MIAMI (EFE).— Nicolas Cage no dudó en interpretar a Drácula en la película “Renfield” cuando descubrió la relevancia de esta nueva aproximación al Príncipe de las Tinieblas dirigida por Chris McKay. El filme aborda las relaciones tóxicas y abusivas y lo hace, además, en tono de comedia.
“Este Drácula, a pesar de monstruoso, tiene sus sentimientos”, dice el actor sobre el exigente vampiro al que encarna en el más reciente largometraje del responsable de “The LEGO Batman Movie” (2017), en el que comparte cartel con Nicholas Hoult en el papel del leal sirviente que da nombre a la cinta y que, entre sus principales tareas, está conseguir presas para su amo.
“Hay algo aquí que está hecho con gran compasión y cuidado al tratar una relación tóxica”, explicó Cage sobre los vínculos de codependencia que Drácula mantiene con Renfield.
En la historia, que cuenta con guión de Ryan Ridley y parte de una idea original de Robert Kirkman, el cerebro detrás de la franquicia de “The Walking Dead”, el piadoso Renfield está listo para descubrir si hay vida fuera de la sombra del vampiro tras siglos de servidumbre.
El joven ayudante, que gracias a su amo adquiere poderes cuando come insectos, empieza a ir a terapia de grupo para personas en relaciones abusivas y decide posteriormente ayudar a Rebecca, oficial de la policía de Nueva Orleans interpretada por Awkwafina, también víctima de un entorno tóxico.

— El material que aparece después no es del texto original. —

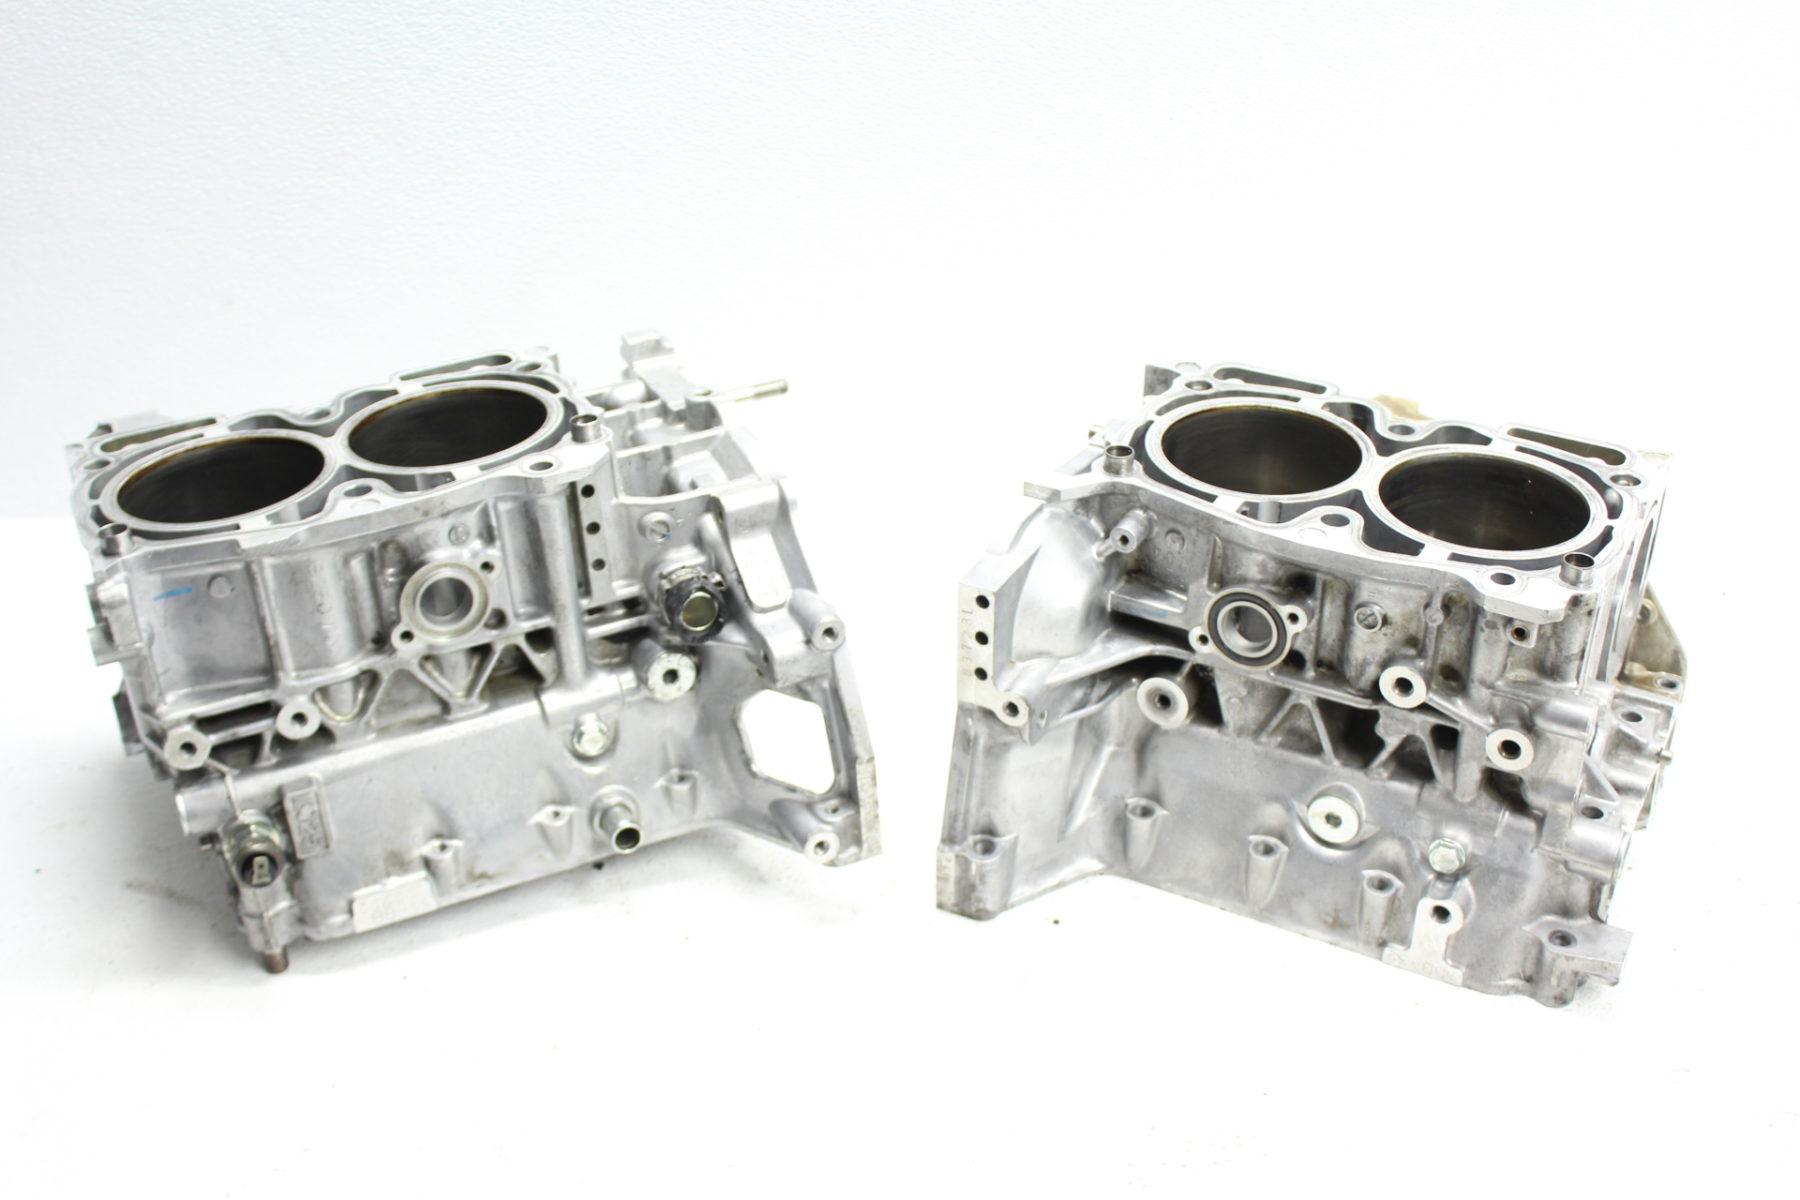 08-14 2008-2014 SUBARU IMPREZA WRX & STI BARE ENGINE SHORT BLOCK OEM EJ255  EJ257

“(El tema) es relevante porque está pasando ahora, está en las mentes de las personas, en las oficinas, casas, en las relaciones de pareja”, señala el actor, que agrega que la película refleja cómo, de ser encantadoras y cariñosas, las relaciones pueden cambiar a sentimientos de “propiedad, posesión y celos”.
Cage, con una dilatada carrera que comenzó en la década de 1980, recuerda que una de sus películas favoritas en la adolescencia era “Un hombre lobo americano en Londres” (1981) de John Landis, que tenía la dosis perfecta de comedia. Sintió que el guión de “Renfield” y la visión de McKay se acercaban a ese espíritu.

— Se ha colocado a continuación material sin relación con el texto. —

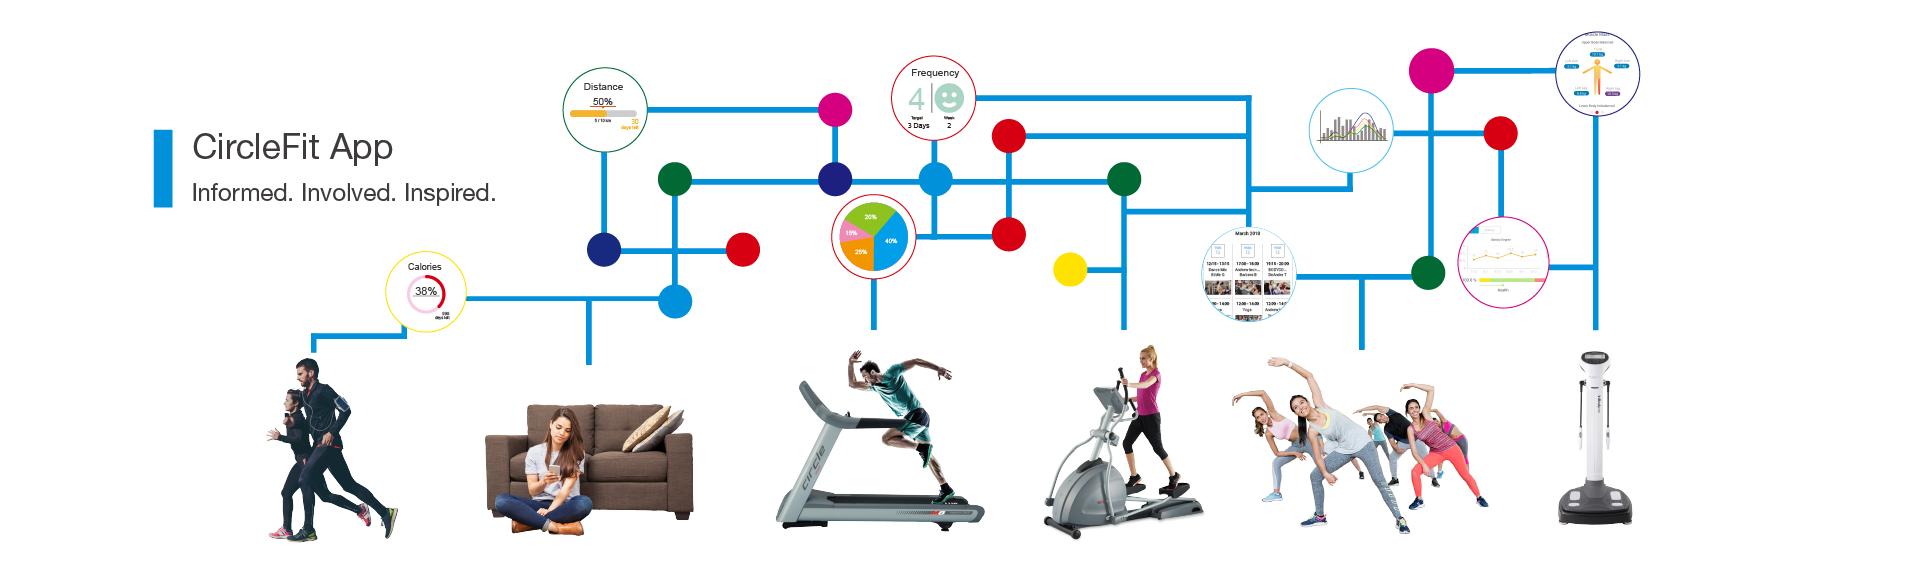 CircleFit App by Circle Fitness

“Estaba cómodo con la parte”, admite del papel que encarna, de gran arraigo en la cultura popular y en la cinematografía mundial, desde la obra maestra del expresionismo alemán que fue la cinta de 1922 “Nosferatu”, de F.W. Murnau y que el actor vio con apenas cinco años de edad.
Confiesa que al abordar el personaje tenía clara su intención de evitar un “disparatado acento de Transilvania, que eso se ha hecho mucho ya”, y tomó como referentes las personificaciones de Bela Lugosi, Gary Oldman y Christopher Lee, éste último su favorito.
Incluso fue de influencia la “depredadora” señora Robinson que encarnó Anne Bancroft en “El graduado” (1967), de quien tomó algo de la voz seductora del personaje que se enfrasca en una relación tóxica con el universitario Benjamin Braddock (Dustin Hoffman).
La voz que también resonó al crear su personaje fue la de su propio padre, August Coppola, quien hablaba con “un acento del Atlántico medio” y era elegante e inteligente, según relata, un hombre que solía proyectar películas artísticas y de vanguardia en la sala de su casa y que a la larga influyó en la dirección que Nicolas tomaría en su carrera interpretativa.
Ganador del Óscar al mejor actor por “Adiós a Las Vegas” (1995), Nicolas Cage fue una de las mayores estrellas de Hollywood en la década de 1990 y en la primera década del siglo XX.
En los últimos años ha rodado múltiples películas de bajo presupuesto, modesta factura y algunas de regulares resultados, sin que ello le haya impedido mantenerse como figura de culto y muy reivindicada sobre todo en las redes sociales.
Precisamente el año pasado protagonizó “El peso del talento (The Unbearable Weight of Massive Talent)”, una curiosa cinta de humor absurdo en la que Nicolas Cage se interpreta a sí mismo y se mide cara a cara con el chileno Pedro Pascal.